For many centuries the discipline of Yoga knew the importance of good breathing for good life. Intuitively we are aware that breathing, when done properly, helps us to control our stress. Yoga teaches us to control our breathing through appropriate asanas (postures), meditation and pranayama (controlled breathing).
Swami Sivananda – Founder Divine Life Society and author of “The Science of Pranayama”
In the West these techniques were brought to the main stream medical awareness, mainly through the seminal publication “Relaxation Response” of Dr Herbert Benson in 1975. The Relaxation Response is defined as your personal ability to make your body release chemicals and brain signals that make your muscles and organs slow down and increases blood flow to the brain [Ref.1]. There are many techniques for developing Relaxation Response or deep relaxation. In the list of techniques deep breathing, meditation and yoga asanas appear prominently. Breath meditation, in which you focus on your breath while seated in a comfortable position , can relieve stress [Ref. 2]. Yoga Nidra and many variants of the same (for example iRest® Yoga Nidra ) are known to provide deep relaxation and relief to PTSD (Post Traumatic Stress Disorder) sufferers [Ref.3].
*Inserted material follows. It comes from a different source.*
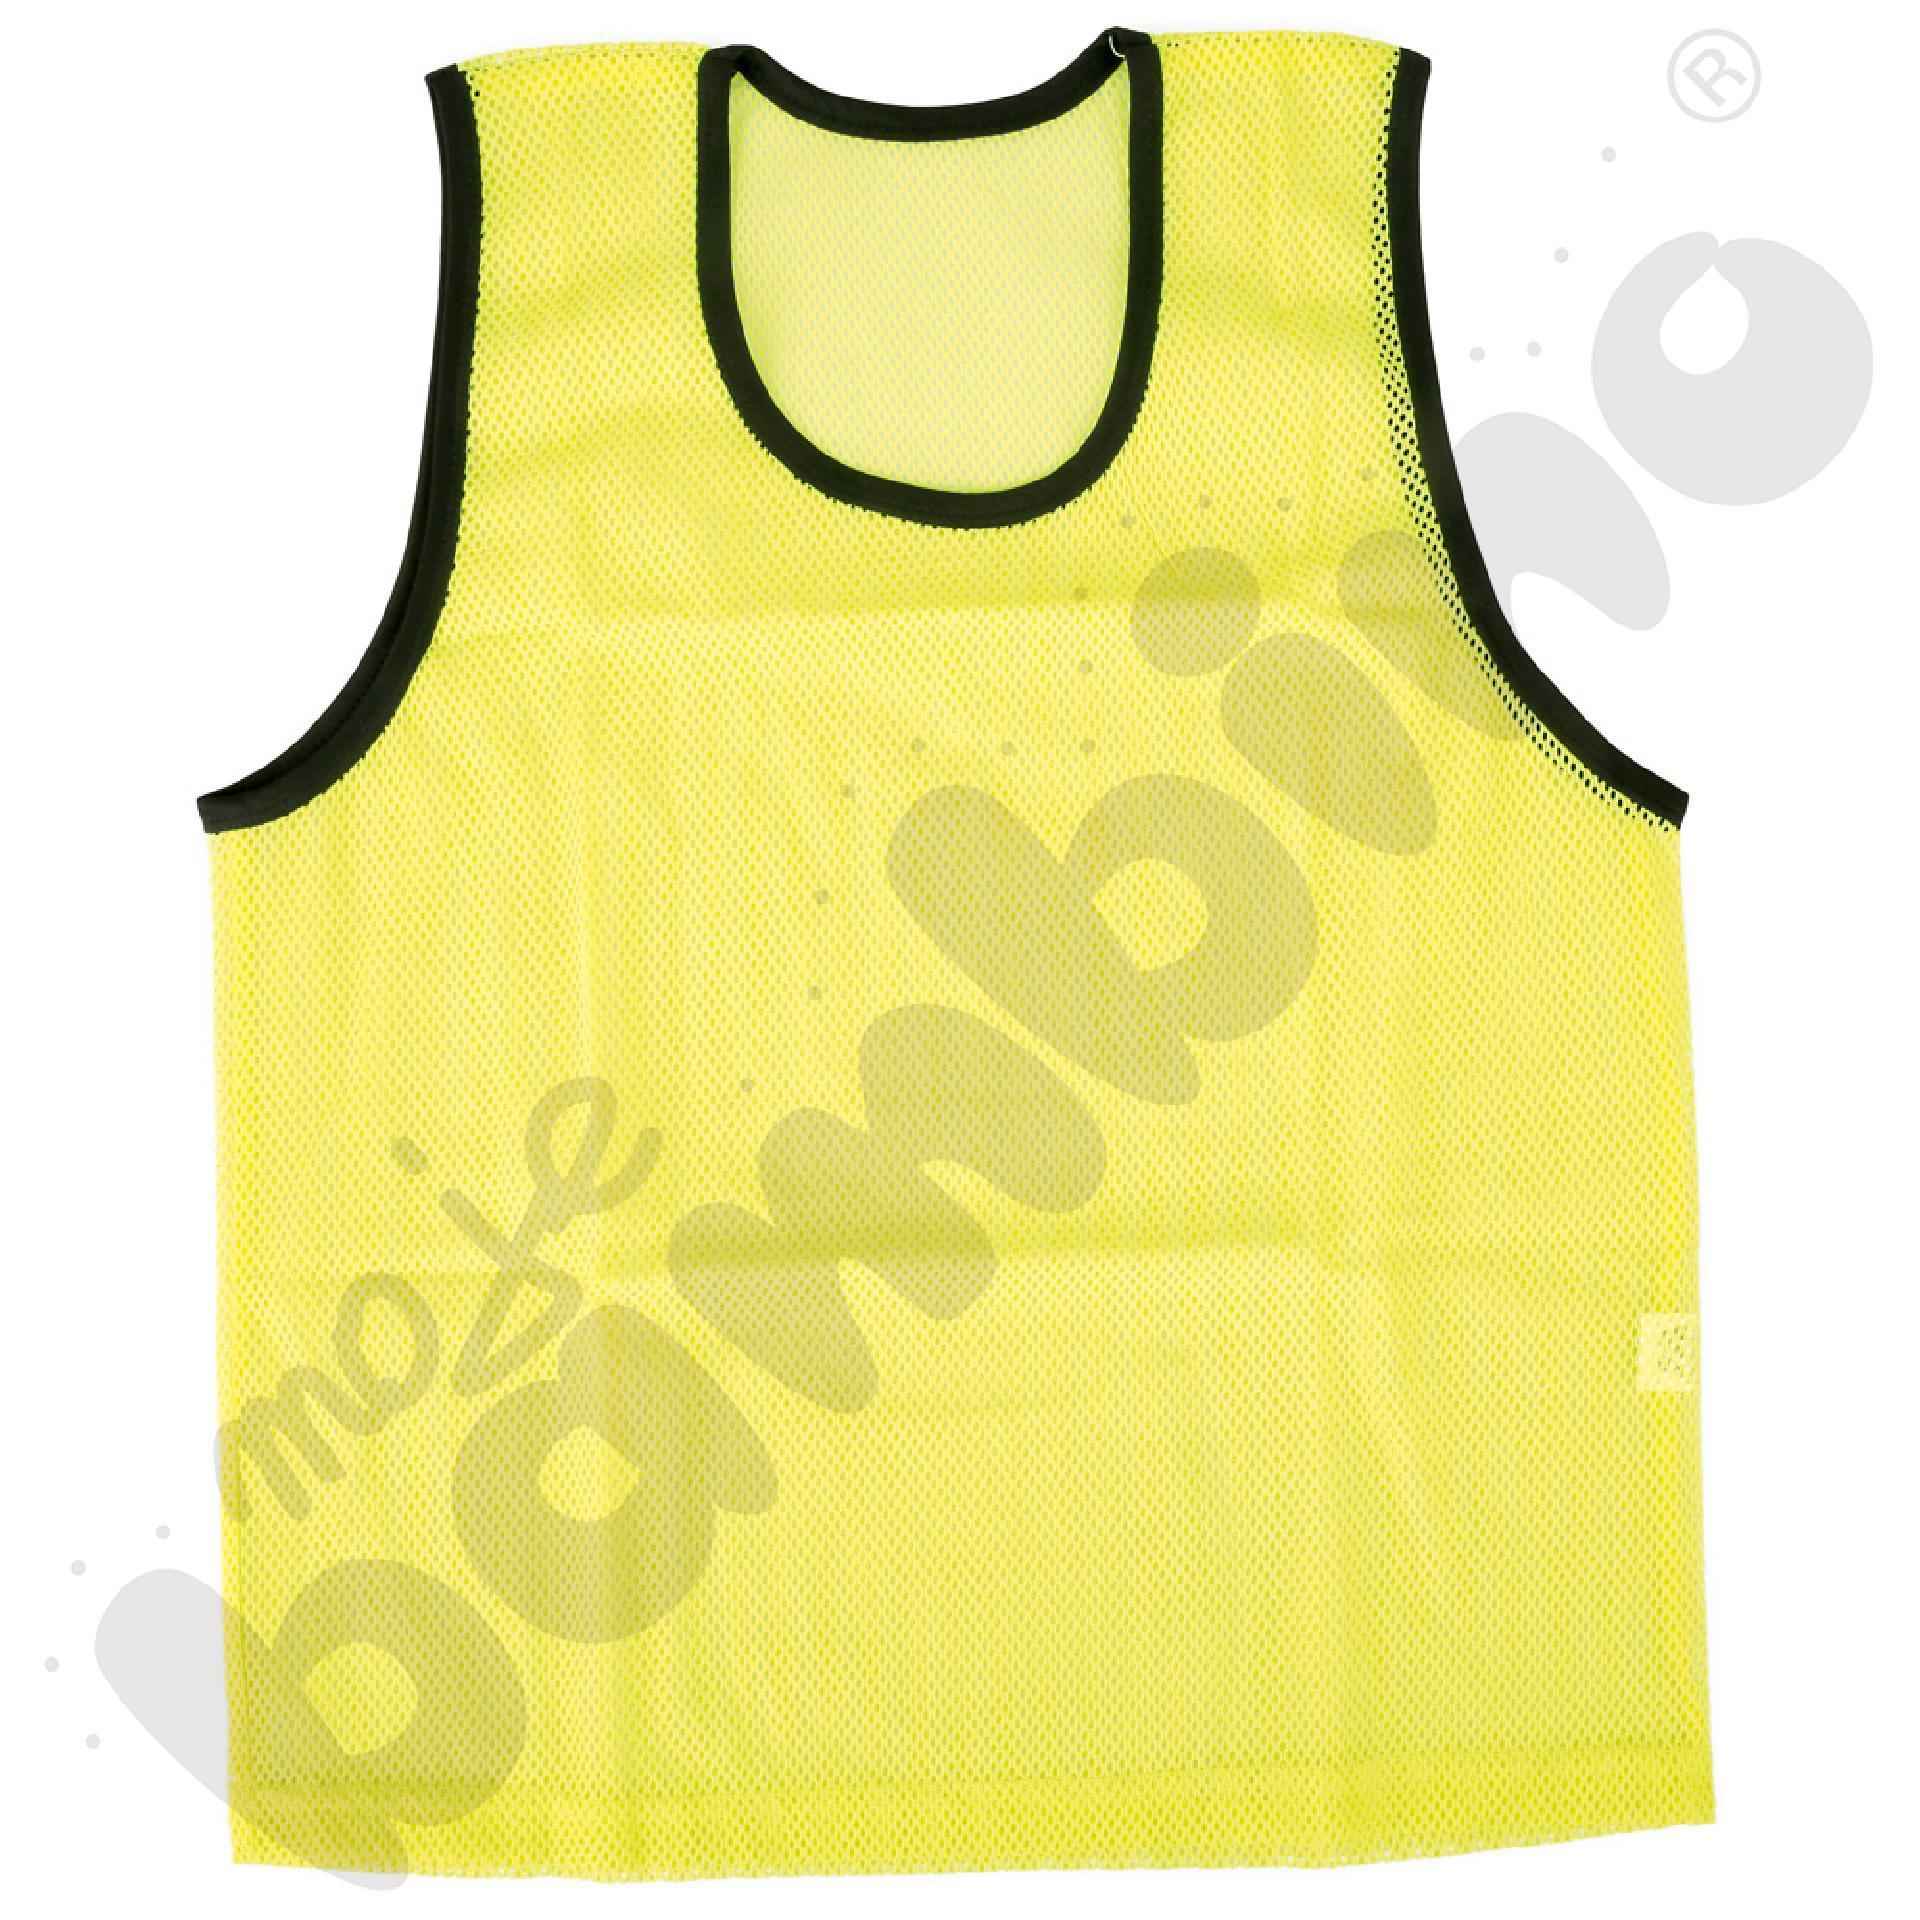 Koszulka jaskrawożółta, rozm. S

Deep relaxation, if practiced regularly can strengthen our immune system and bring a host of other medical benefits. For example, relaxation can ease asthma symptoms by widening respiratory passages. In some cases it can help diabetics by reducing the need for insulin [Ref.4] and provide significant relief to chronic pain sufferers. We are slowly understanding the way stress reduction works in promoting good health. Studies show that Relaxation Response elicits gene expression changes in short term and long term practitioners. It is believed that this might be causing long term physiological changes for good [Ref.5]
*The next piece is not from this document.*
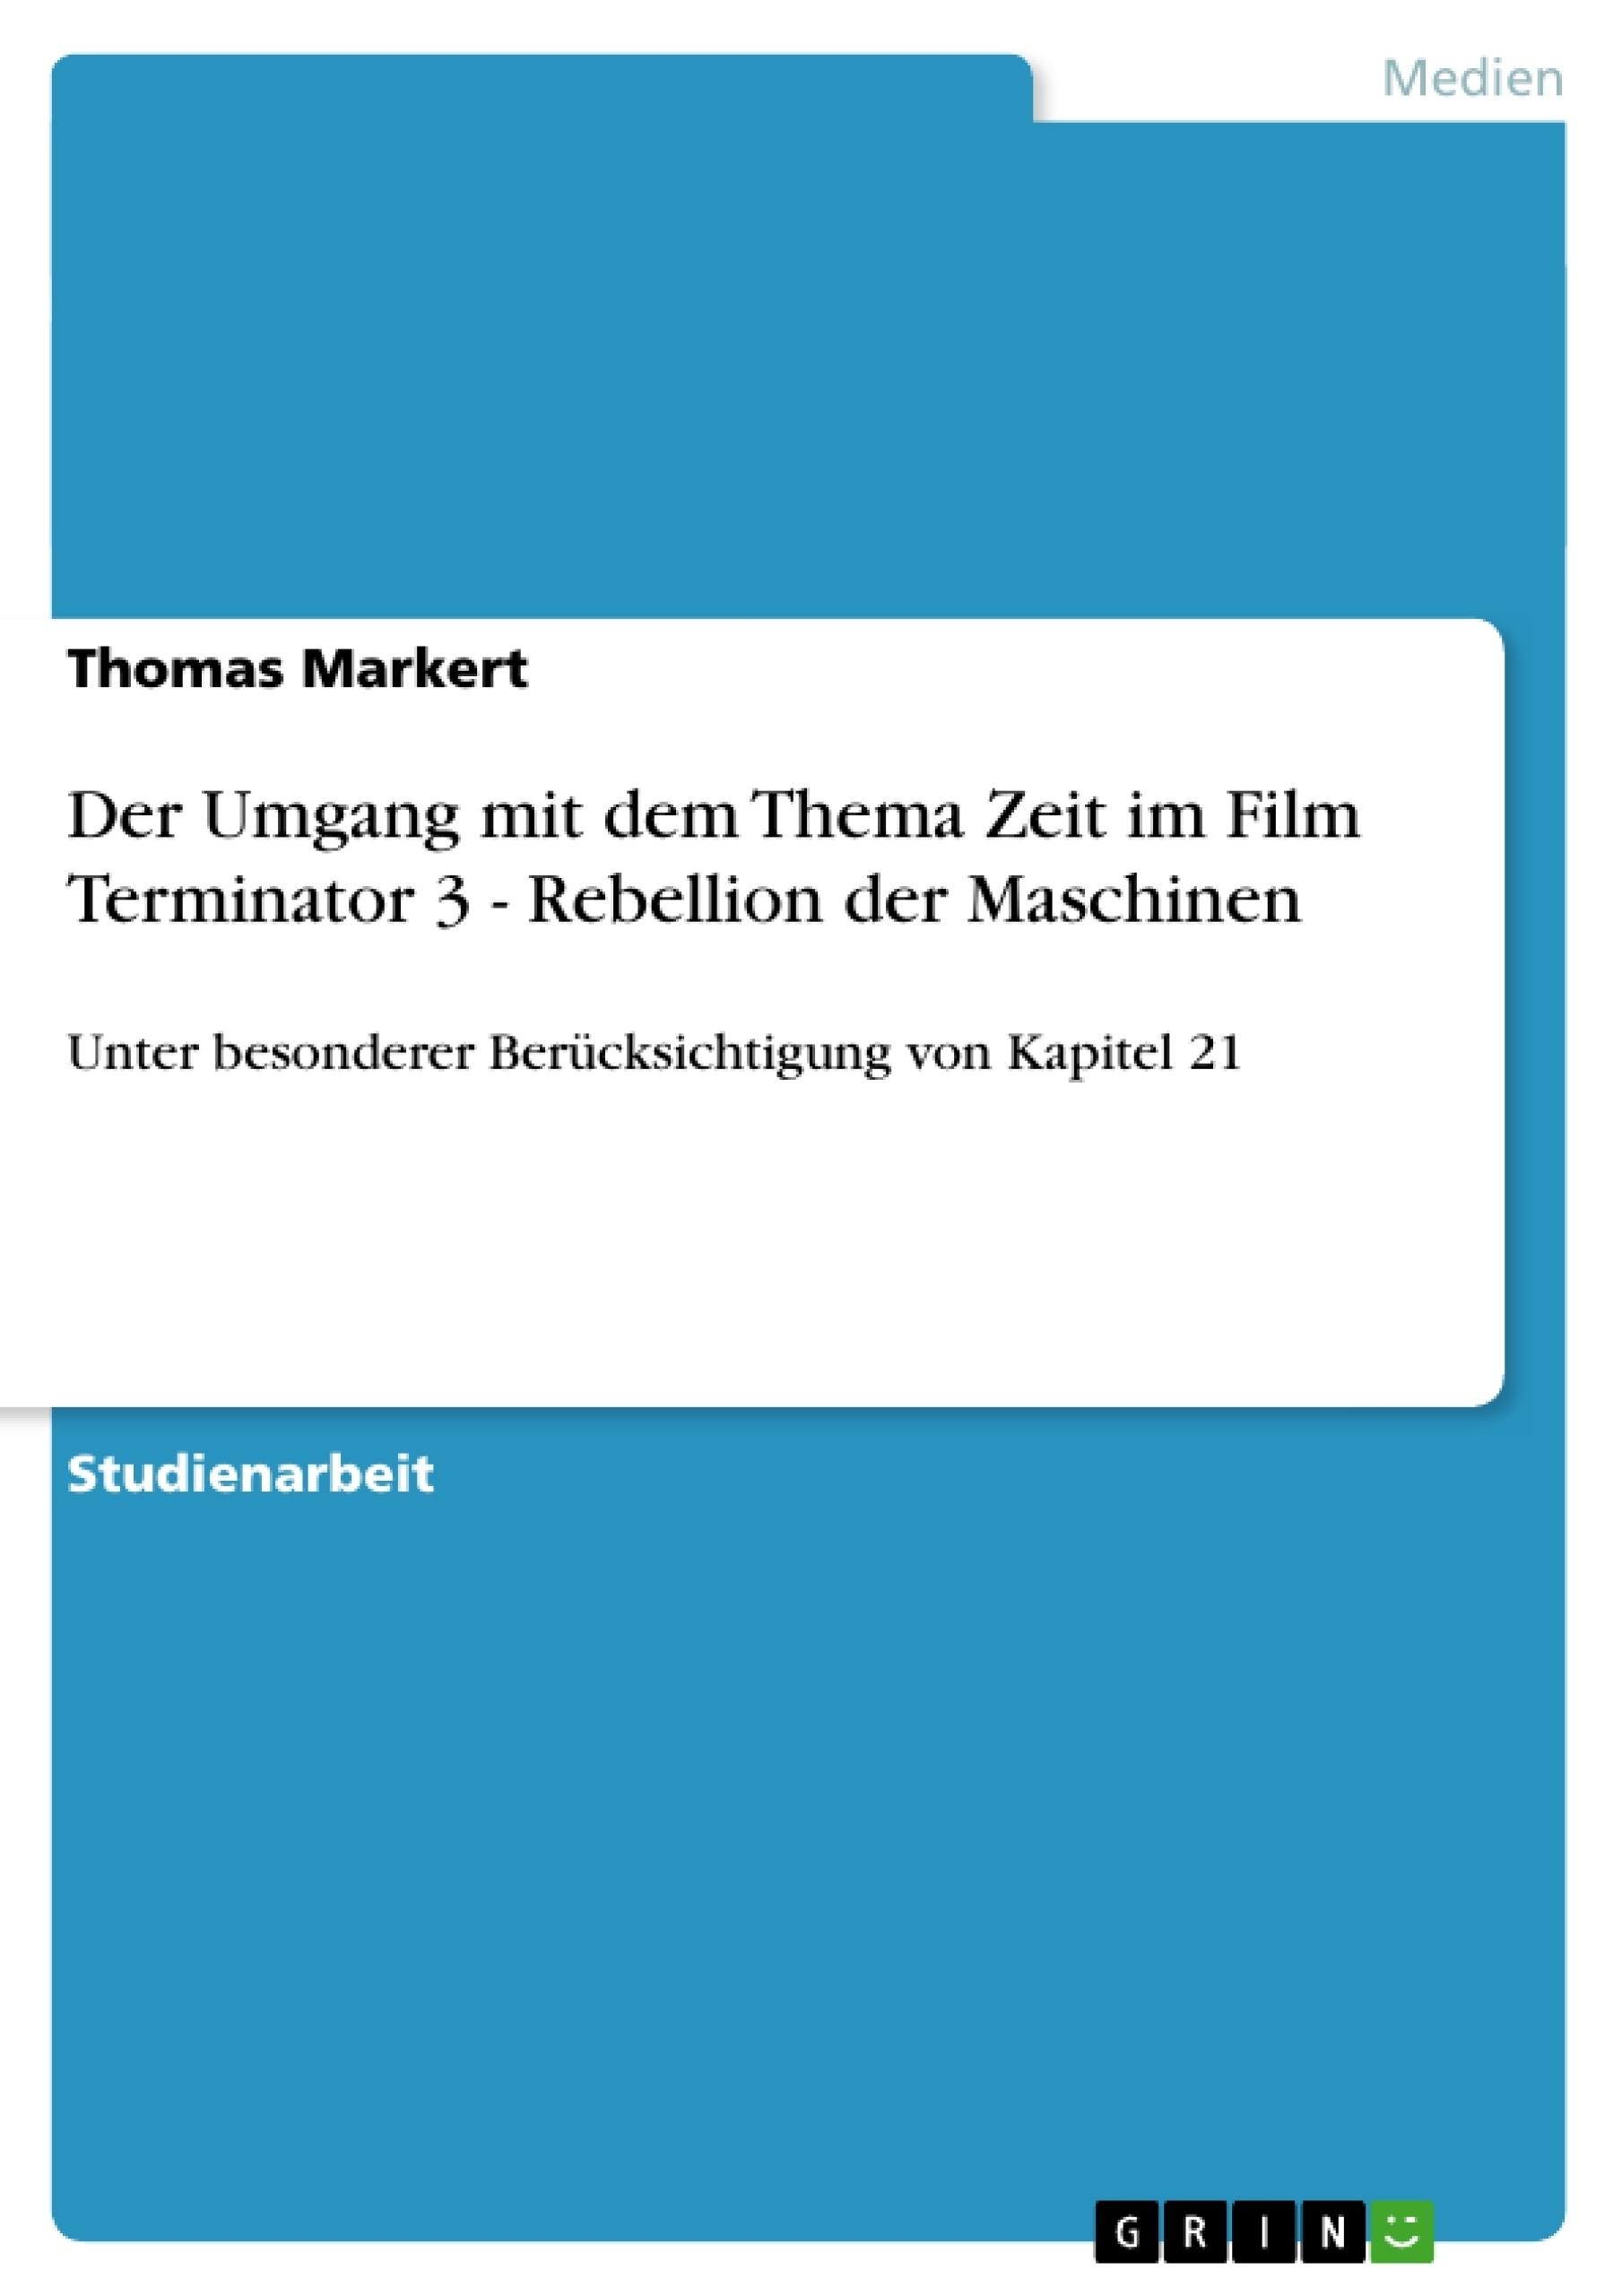 Titel: Der Umgang mit dem Thema Zeit im Film Terminator 3 - Rebellion der Maschinen

Deep Breathing to control Blood Pressure and hypertension
Probably the most prominent benefit of deep relaxation, achieved through deep and slow breathing amongst other techniques, is in controlling high blood pressure [Ref.6]. These days most of us are always on the run and stressed due to the un-ending need to do more and perfectly all the time. This evokes a strong fight or flight response in us and in this process we often forget how to breathe. That is why we need to develop good breathing techniques and we need to use them instinctively.
Yoga provides a wide range of tools for deep relaxation, including breathing to discipline the mind. Pranayama, the fourth limb of Yoga, is a well-developed and elaborate set of techniques to control prana (the vital life force, including breathing). By practicing pranayama one can quickly transform oneself in terms of attitude and feelings [Ref.7]. It is mind boggling to know that people spend huge amounts of money on drugs to control stress, which is temporary any way, while relaxation techniques are available through proper breathing and yoga. It can be used anywhere and anytime and it is free.
 http://www.med.umich.edu/painresearch/patients/Relaxation.pdf (on Relaxation Response)
 Stankovic,L., 2011, Transforming Trauma: A qualitative feasibility study of integrative restoration (iRest) Yoga Nidra on combat related Post-Traumatic Stress Disorder, Int. J. of Yoga Therapy, 21, p.23-37.
 Dusek et.al., 2008, Genomic counter-stress changes induced by the relaxation response, http://www.ncbi.nlm.nih.gov/pubmed/18596974.
 M. Tiwari, 1995, Secrets of Healing, Lotus Press, Wisconsin, 548p.